ServerRecords

Help & Troubleshooting

MTA-STS

What this is

MTA-STS lets a domain require that inbound mail be delivered only over authenticated TLS to its listed MX hosts. It combines a DNS record (_mta-sts) with a policy file served at https://mta-sts.yourdomain.com/.well-known/mta-sts.txt.

How to read your result

A healthy setup shows both the DNS record and a fetchable policy file, with mode: enforce for real protection (testing only reports). Check the policy's mx: entries actually match your MX hostnames.

Common problems and how to fix them

DNS record exists but the policy file is unreachable

How it shows up: Senders cannot fetch the policy, so MTA-STS silently provides nothing; the check reports the fetch failure.

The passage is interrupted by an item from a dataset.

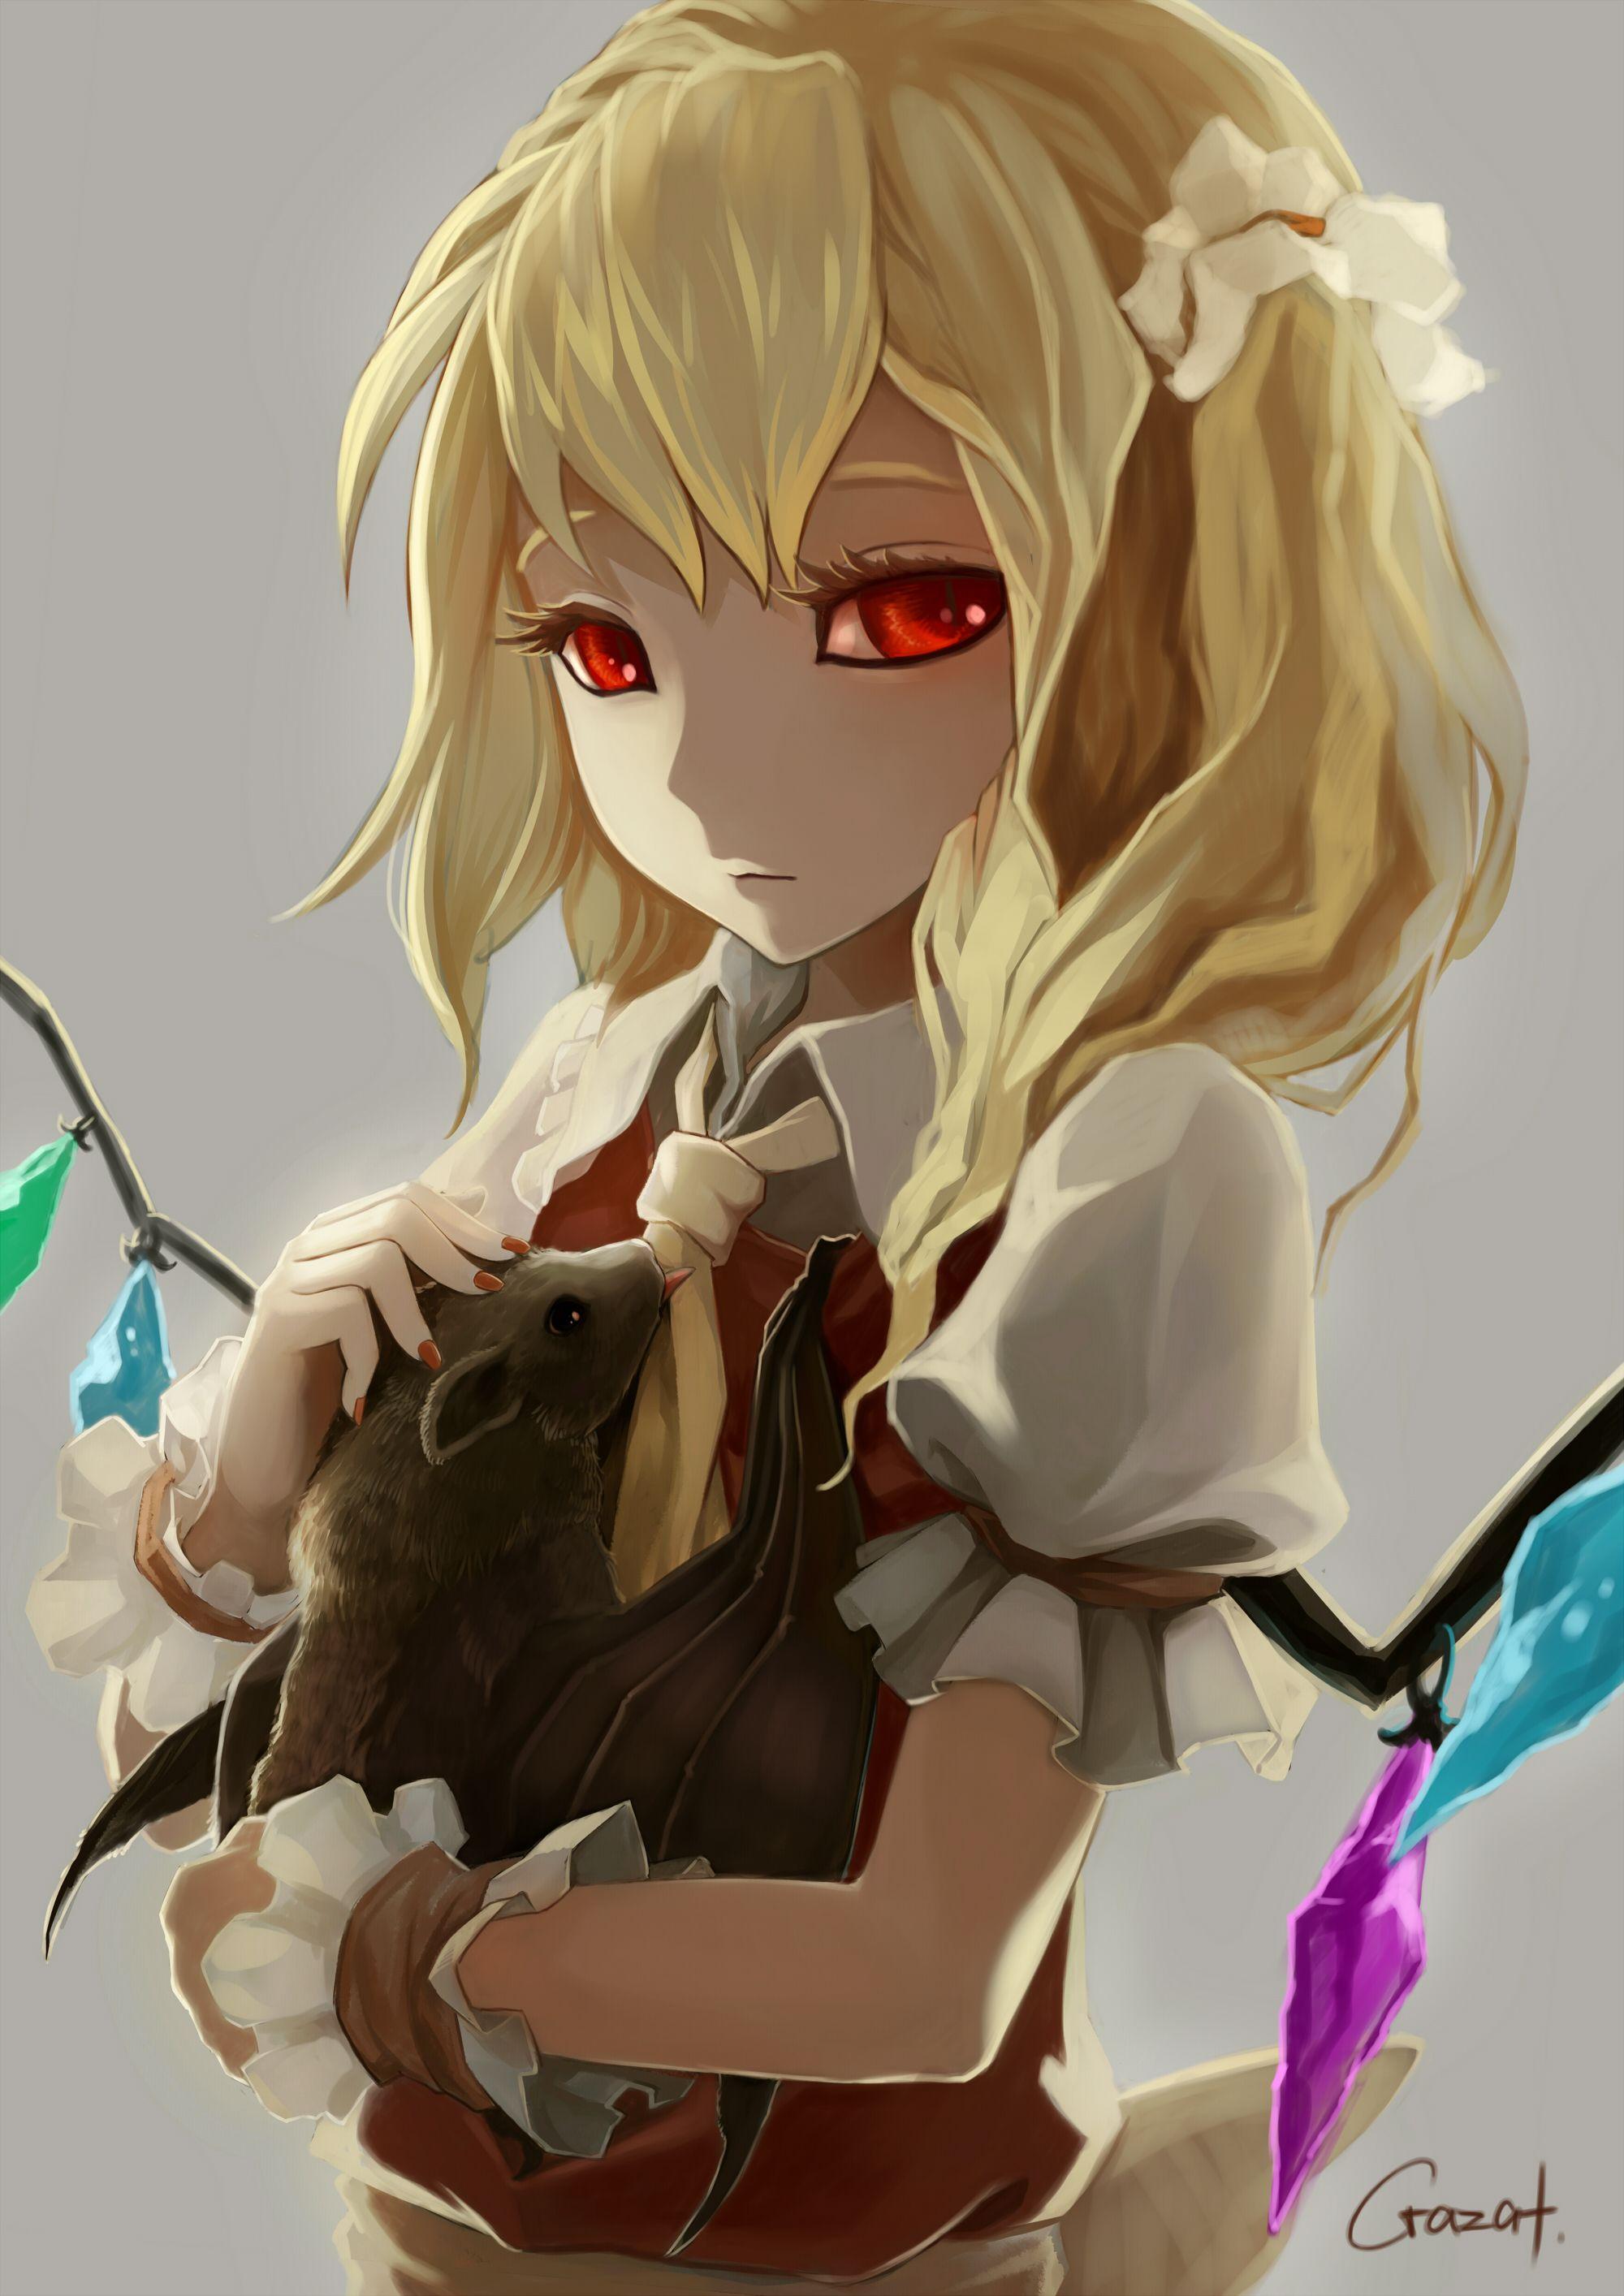 Anime girl eyes think, that

How to fix it: Serve the file at exactly https://mta-sts.yourdomain.com/.well-known/mta-sts.txt with a valid certificate for the mta-sts subdomain. A tiny static site or a CDN worker is enough — but it must stay up.

Policy mx entries do not match the real MX records

How it shows up: In enforce mode, legitimate mail from strict senders starts getting refused after an MX change.

How to fix it: Update the policy file whenever MX records change (and bump the id= in the DNS record so caches refresh). Automate this pairing if MX changes are at all frequent.

Stuck in testing mode forever

How it shows up: TLSRPT reports arrive but downgrade attacks would still succeed — testing mode never blocks anything.

How to fix it: After a clean period in testing (watch your TLSRPT reports), switch mode: to enforce and bump the id=.